Note: It is important to use the same tokenizer that was used during model pretraining. In practice, this means loading the tokenizer with the same name as the model.

In [13]:
tokenizer = AutoTokenizer.from_pretrained(model_name)

In [14]:
# Base models are often trained without padding tokens
assert tokenizer.pad_token_id is None

In [15]:
# Often used in various tutorials as a quick PoC fix
# We'll see that this approach is not optimal
tokenizer.pad_token = tokenizer.eos_token

In [16]:
tokenized_text = tokenizer("Large language models are")
print(tokenized_text)

{'input_ids': [21968, 3303, 4981, 389], 'attention_mask': [1, 1, 1, 1]}


When calling the tokenizer directly, it uses the `__call__` method which returns `input_ids` and `attention_mask` directly.

In [17]:
tokenizer.tokenize("Large language models are")

['Large', 'Ġlanguage', 'Ġmodels', 'Ġare']

If you want to see the tokens first, you can use `tokenizer.tokenize` method.

Or you can convert ids to tokens using `tokenizer.convert_ids_to_tokens`.

In [18]:
tokenizer.convert_ids_to_tokens(tokenized_text['input_ids'])

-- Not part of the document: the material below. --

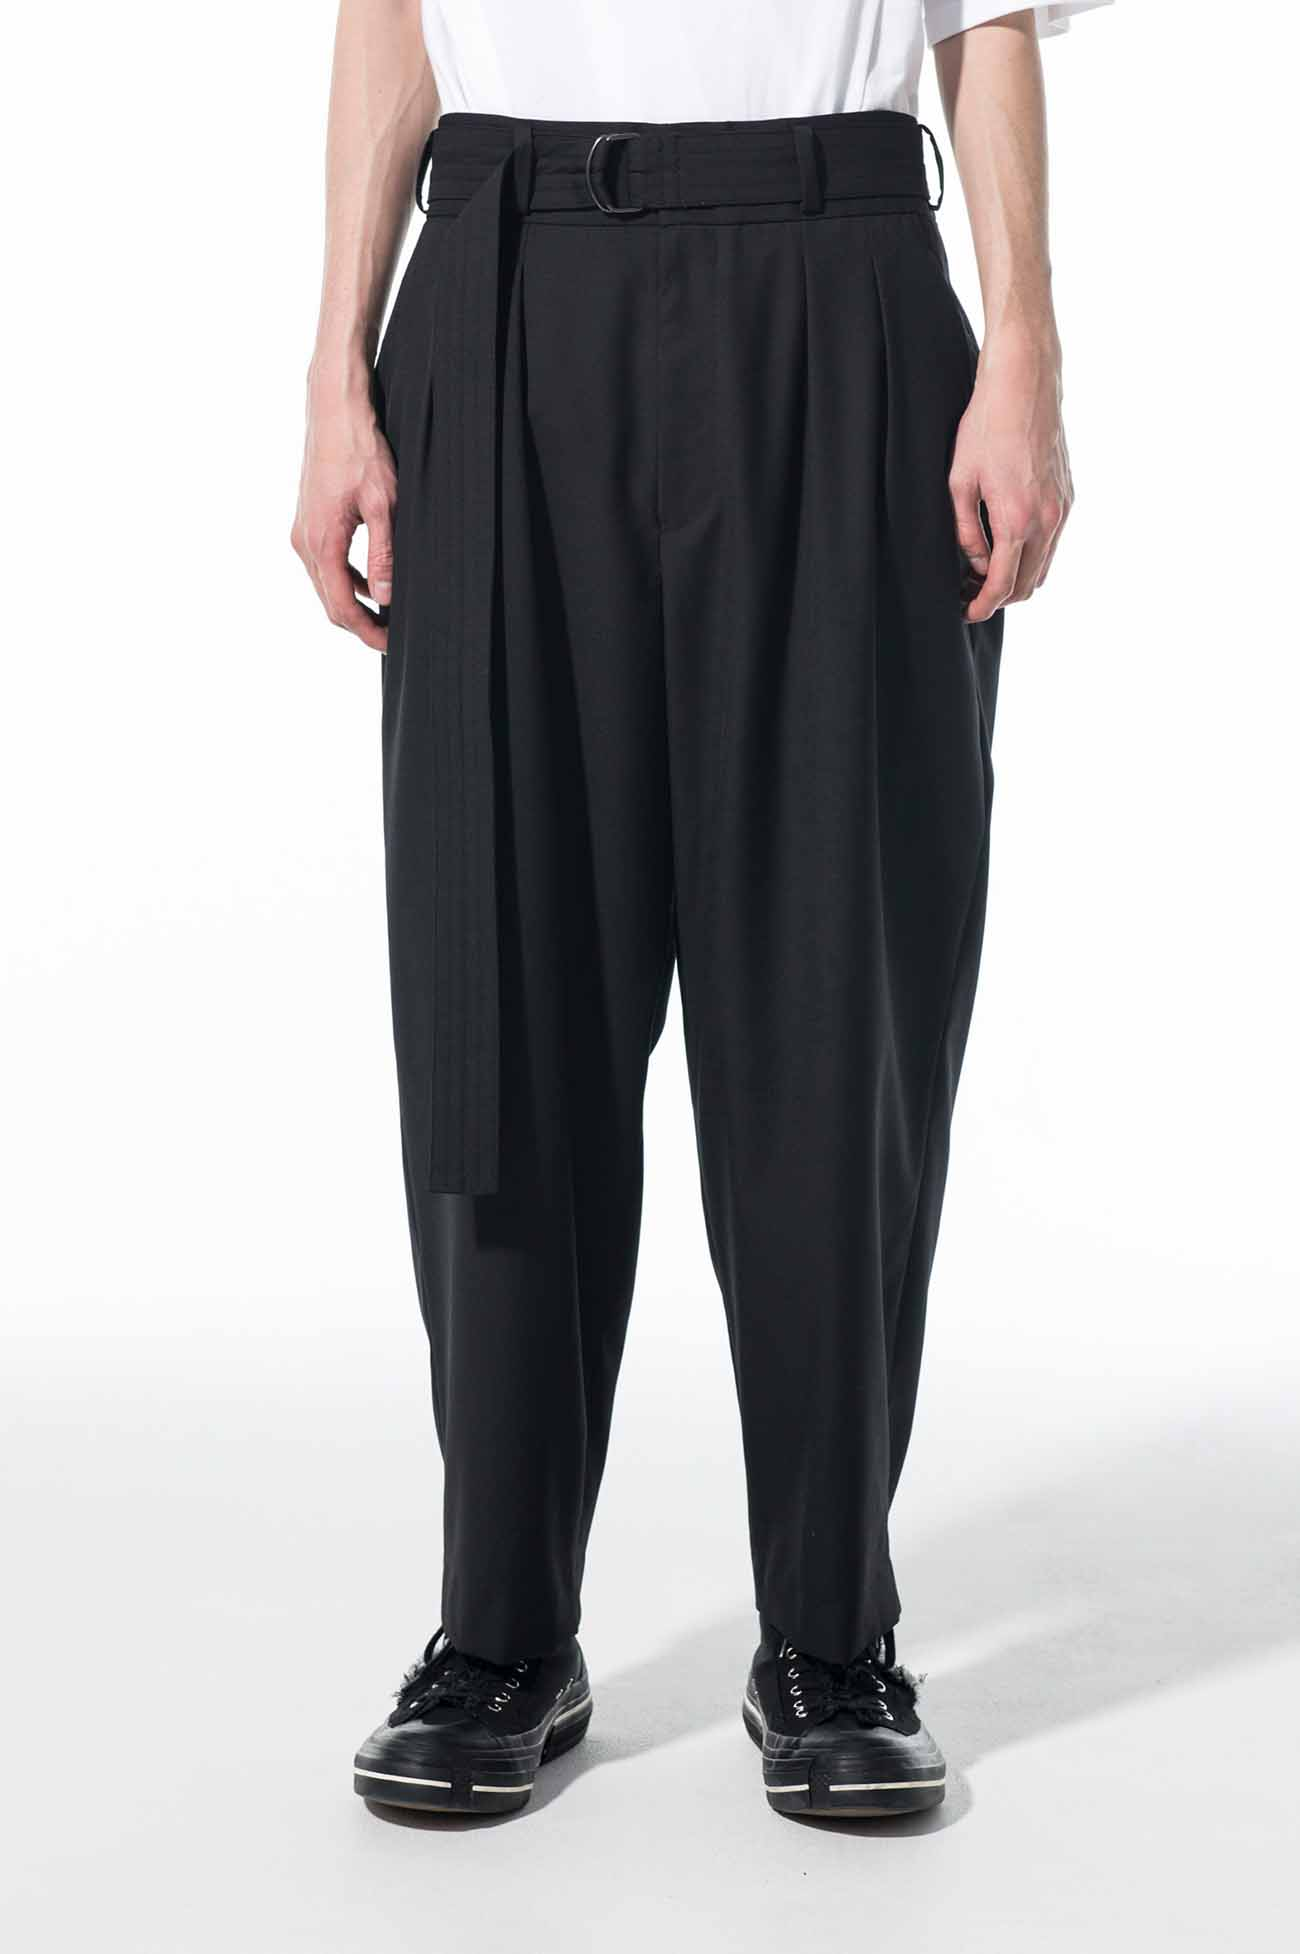 T/W Gabardine Washable 2-Tuck Tapered Belt Pants

['Large', 'Ġlanguage', 'Ġmodels', 'Ġare']

`attention_mask` is useful for batch processing. Different texts, when tokenized have different number of tokens, but in order to create a batch we need to have the same number of tokens. We can add some token to the end of sequences to make them have the same number of toknes. This token is called padding token. But when we process the text we want to ignore these artificially added tokens so we use `attention_mask`. It tells the attention mechanism which tokens to include and which to ignore during its calculation.

In [19]:
tokenizer(["Large lanugage models are", "I am"], padding=True)

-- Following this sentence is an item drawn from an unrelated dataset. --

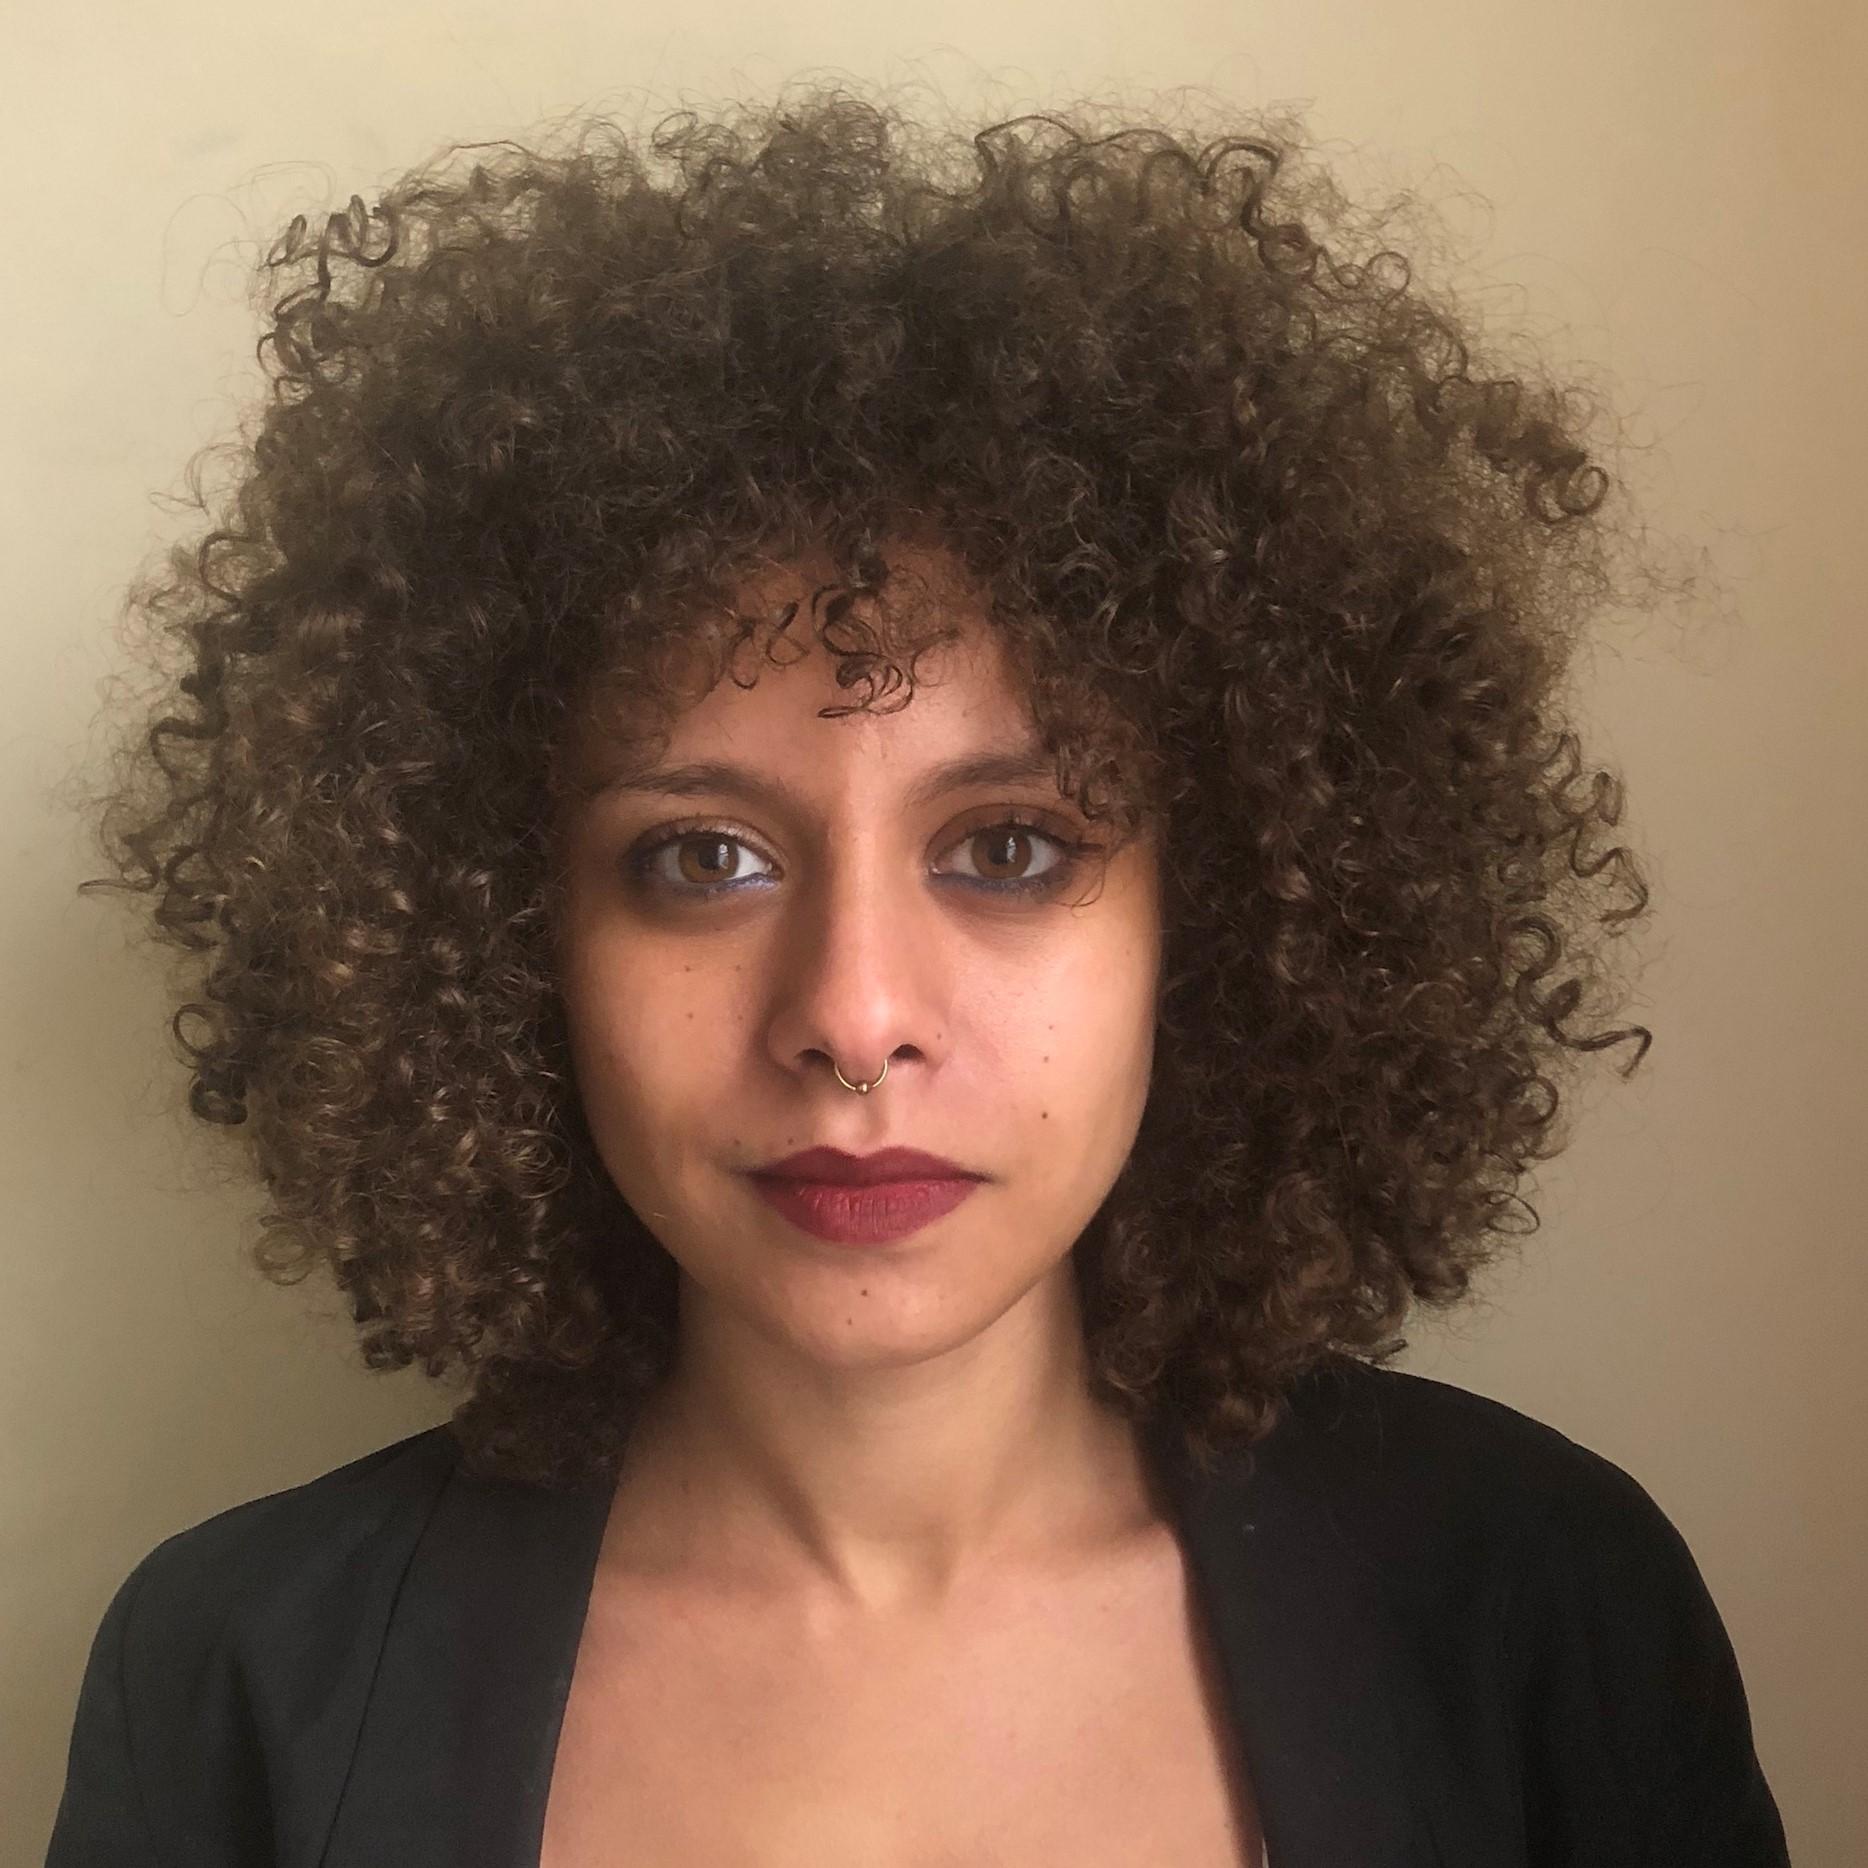 Hannah Elsisi Ashmawi

{'input_ids': [[21968, 26992, 1018, 496, 4981, 389], [40, 716, 50256, 50256, 50256, 50256]], 'attention_mask': [[1, 1, 1, 1, 1, 1], [1, 1, 0, 0, 0, 0]]}

First sentece has 6 tokens, while the second one has only 2 tokens. So we need to add 4 padding tokens (with the ID = 50256). In this case they are paded from the right. Attention mask for first sentence contains only 1s because all tokens are relevant, while in the second sentece, last 4 tokens are padded so attention mask is 0 for these tokens. This way attention mechanism will know to look only first 2 tokens as the relevant ones for this example

In order to decode input ids back to text, we can use the `tokenizer.decode` method

In [20]:
tokenizer.decode(tokenized_text['input_ids'])

'Large language models are'

In [21]:
print("Padding token: ", tokenizer.pad_token)
print("Padding token id: ", tokenizer.pad_token_id)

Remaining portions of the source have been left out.